Das Ensemble Vocal d’Erguël (EVE) wurde 1974 von Maurice Baumann, dem damaligen Pfarrer von Saint-Imier, gegründet. Baumann blieb bis 1992 Leiter des Ensembles und wurde dann von Philippe Krüttli abgelöst.
Der Chor pflegt ein sehr vielseitiges Repertoire, das von der Renaissance über Barock, Klassik und Romantik bis zu zeitgenössischen Werken reicht.
Das für seine hohe Qualität anerkannte Ensemble wurde 2000 mit der «Fibule d'Alaric» ausgezeichnet, für seinen Beitrag zum kulturellen Leben in der Region. 2008 erhielt EVE einen Anerkennungspreis der kantonalen Berner Musikkommission, welcher zum ersten Mal überhaupt im Bereich Chormusik vergeben wurde.
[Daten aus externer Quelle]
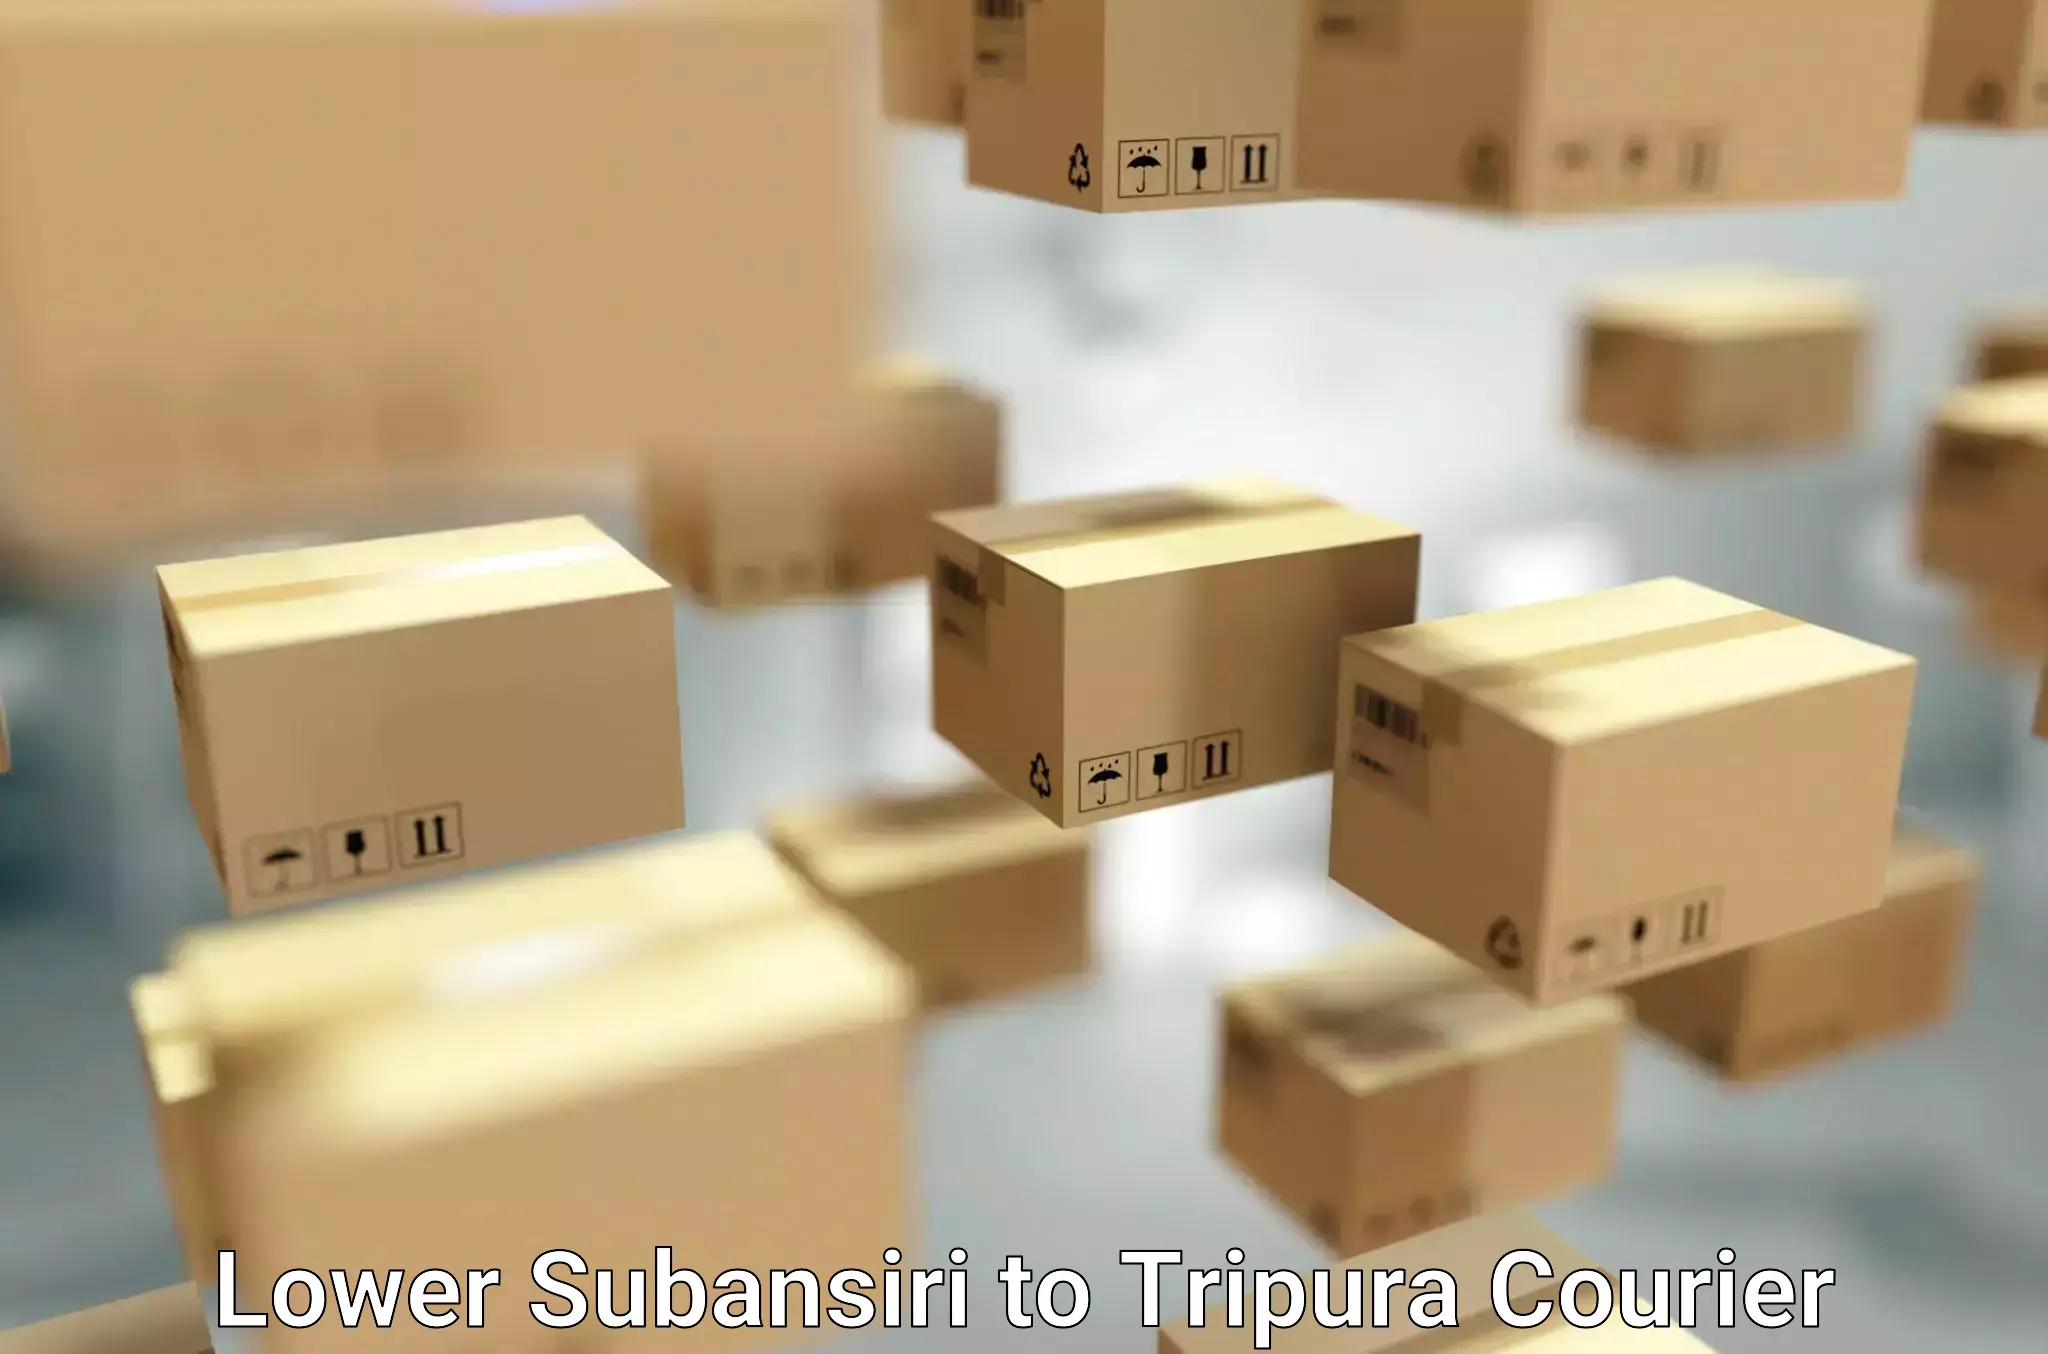 Quality moving company Lower Subansiri to Udaipur Tripura

Das EVE hat zahlreiche Konzerte sowie acht Aufnahmen vorzuweisen, darunter:
2001 Aufnahme des Requiems von Duruflé für die deutsche Plattenfirma Amphion in Zusammenarbeit mit dem Organisten Martin Kasparek
2002 Aufführung der Messe in c-Moll von Mozart zusammen mit dem Sinfonie Orchester Biel zum zehnjährigen Jubiläum des Chorleiters. Die Zusammenarbeit mit dem SOB setzte sich fort: 2003 mit dem Requiem für Mignon von Schumann und der Messe in Es-Dur von Schubert und 2005 mit der Matthäuspassion von Bach.
2004 30-jähriges Jubiläum mit der Messe in h-Moll von Bach in Zusammenarbeit mit dem Capriccio-Barockorchester aus Basel in der Abbatiale de Bellelay
2005 Aufführung der «Sacred Concerts» von Duke Ellington, begleitet von der Dynamic Jazz Band (Aufnahme im Oktober 2006 in La Chaux-de-Fonds)
2006 Aufführung des Requiems von Mozart am Mont-Soleil Open Air Festival
2008 Produktion und Aufführungen des Messiah von Händel mit dem Orchestre Le Moment Baroque in La Chaux-de-Fonds, Moutier und Tramelan
2009 Spezialprogramm zu Ehren Haydns im Frühling und Juni. Teilnahme am Festival «Stand'été» in Moutier mit Les Noces von Strawinsky '
Das Ensemble profiliert sich ebenso mit zeitgenössischer Musik. Am Festival «l'art pour l'Aar» hat es mit der Aufführung von Berner Komponisten teilgenommen und im März 2008 präsentierte es die Uraufführung des Stabat Mater von John Glenesk Mortimer für Chor, Orgel und Geige. Im November 2009 führte es Kompositionen von Claude Rossel, Simon Péguiron und Jacques Henry für Chor, Barockquintett und Jazztrio auf.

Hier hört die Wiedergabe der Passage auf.